Another example is the statement by veterinary virologist Geert Vanden Bossche, who has not published a scientific research paper since 1995, that we should stop vaccinating people in the middle of a pandemic that has already killed over three million people. Among vaccination skeptics, such a demand naturally falls on fertile ground. Vanden Bossche bases this claim on the completely speculative proposition that vaccines will select viral variants that can escape the vaccine protection, thus obtaining higher virulence. This statement relies substantially on the assumption that COVID-19 vaccines have no significant effect on transmission of the virus, which has been shown to be false in numerous studies and, meanwhile, in empirical experience in countries with advanced vaccination status across the broader population.

There are some correct statements in both Bhakdis‘ and Vanden Bossche’s appeals, which lends their conclusions some persuasiveness among non-experts. For example, the statistics of corona cases as Bhakdi complained in March 2020 are not always clearly defined, and vaccination, as Bossche claims, does indeed create selection pressure on viruses (and bacteria, which we know from strains resistant to antibiotics), but other assumptions on which their respective dramatic conclusions and claims are then based quickly turn out to be hair-raisingly wrong. We must therefore classify them, according to the formulation of physicist Wolfgang Paul, as „not only not correct, but not even wrong,“ as they mix facts with speculation and disinformation in a suggestive and often shameless way.

The difference between public pamphlets like those of Bhakdi and Vanden Bossche and serious scientific statements is similar to that between politics and science. Politicians base their statements on ideologies and persuasion strategies. Here, self-confidence and presentation, often polemics and feigned knowledge, count. In science, on the other hand, ideology and polemics have no place (though they do not entirely disappear here, either). Credibility depends on consistency and facts.

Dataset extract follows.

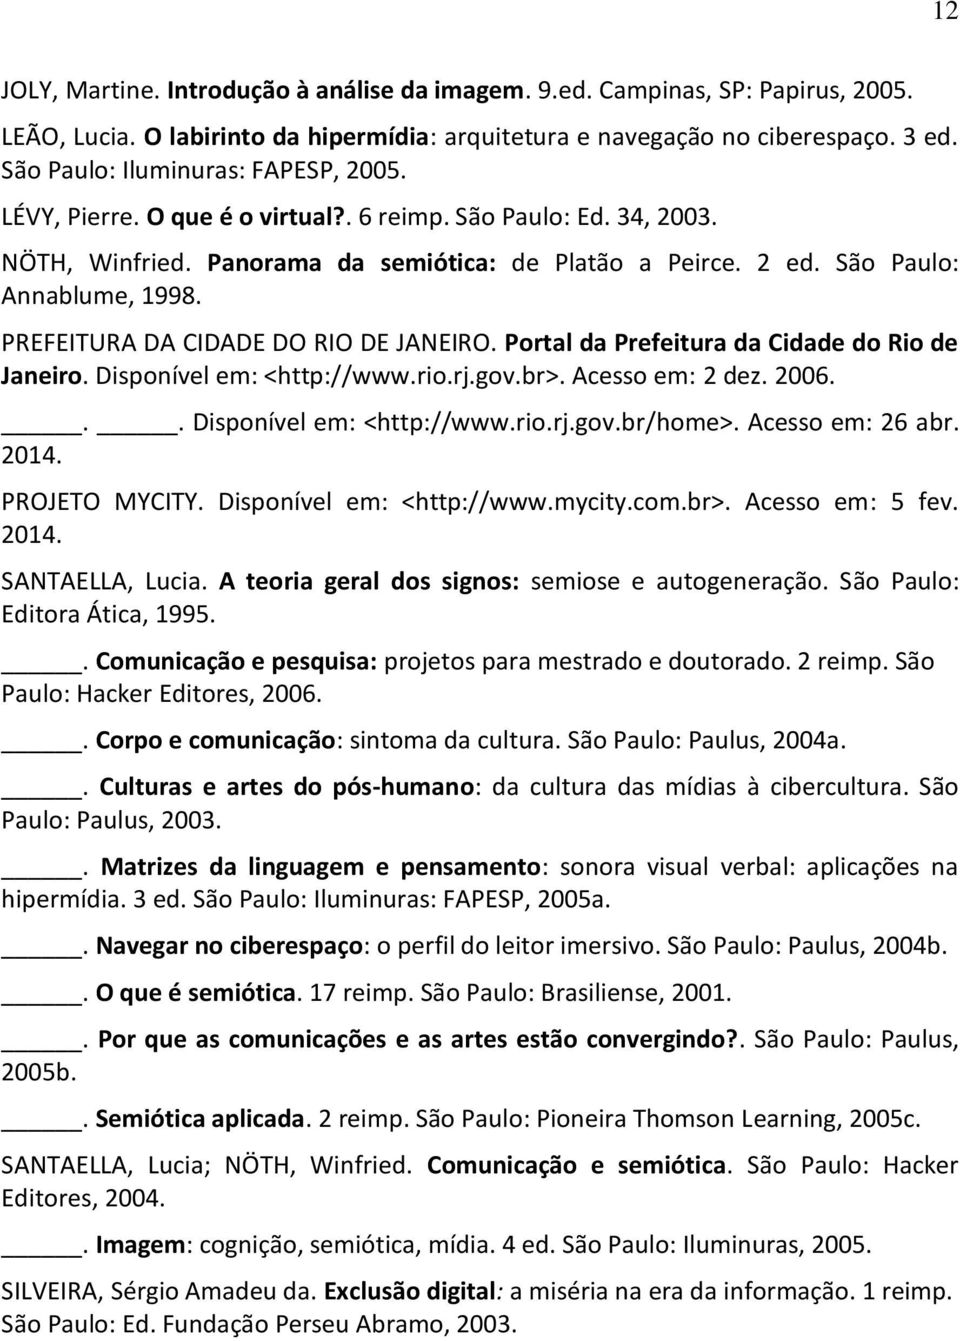 PREFEITURA DA CIDADE DO RIO DE JANEIRO. Portal da Prefeitura da Cidade do Rio de Janeiro. Disponível em: <http://www.rio.rj.gov.br>. Acesso em: 2 dez. 2006... Disponível em: <http://www.rio.rj.gov.br/home>.

Scientific sceptics sometimes feel like wrong-way drivers on the highway: there are so many cars coming towards them. Now it is theoretically possible that they are the only ones driving on the right side and all the others on the wrong one. The history of science knows such examples: Copernicus, Kepler and Galileo and their heliocentric theory of the heavens, Darwin and his theory of evolution, Boltzmann and his statistical interpretation of the theory of heat, Einstein and his photon hypothesis and theory of relativity. But these are rather exceptions, and it seems difficult to accept how someone who presents the Corona virus as comparatively harmless and vaccinations as dangerous can claim such a status for himself. Here, one may well assume that they are errant drivers on the wrong side of the freeway. But unlike on our roads, we must not prohibit the driving on the wrong side in science. It is wrong to muzzle scientists, as has been done in part in England and attempted in Switzerland. Rather, scientists should have a stronger voice in the public sphere. And here it is the essence of science to also admit such contrarian positions. Sooner or later their rightness or wrongness will come out. In the two mentioned and similar other cases this happens rather sooner.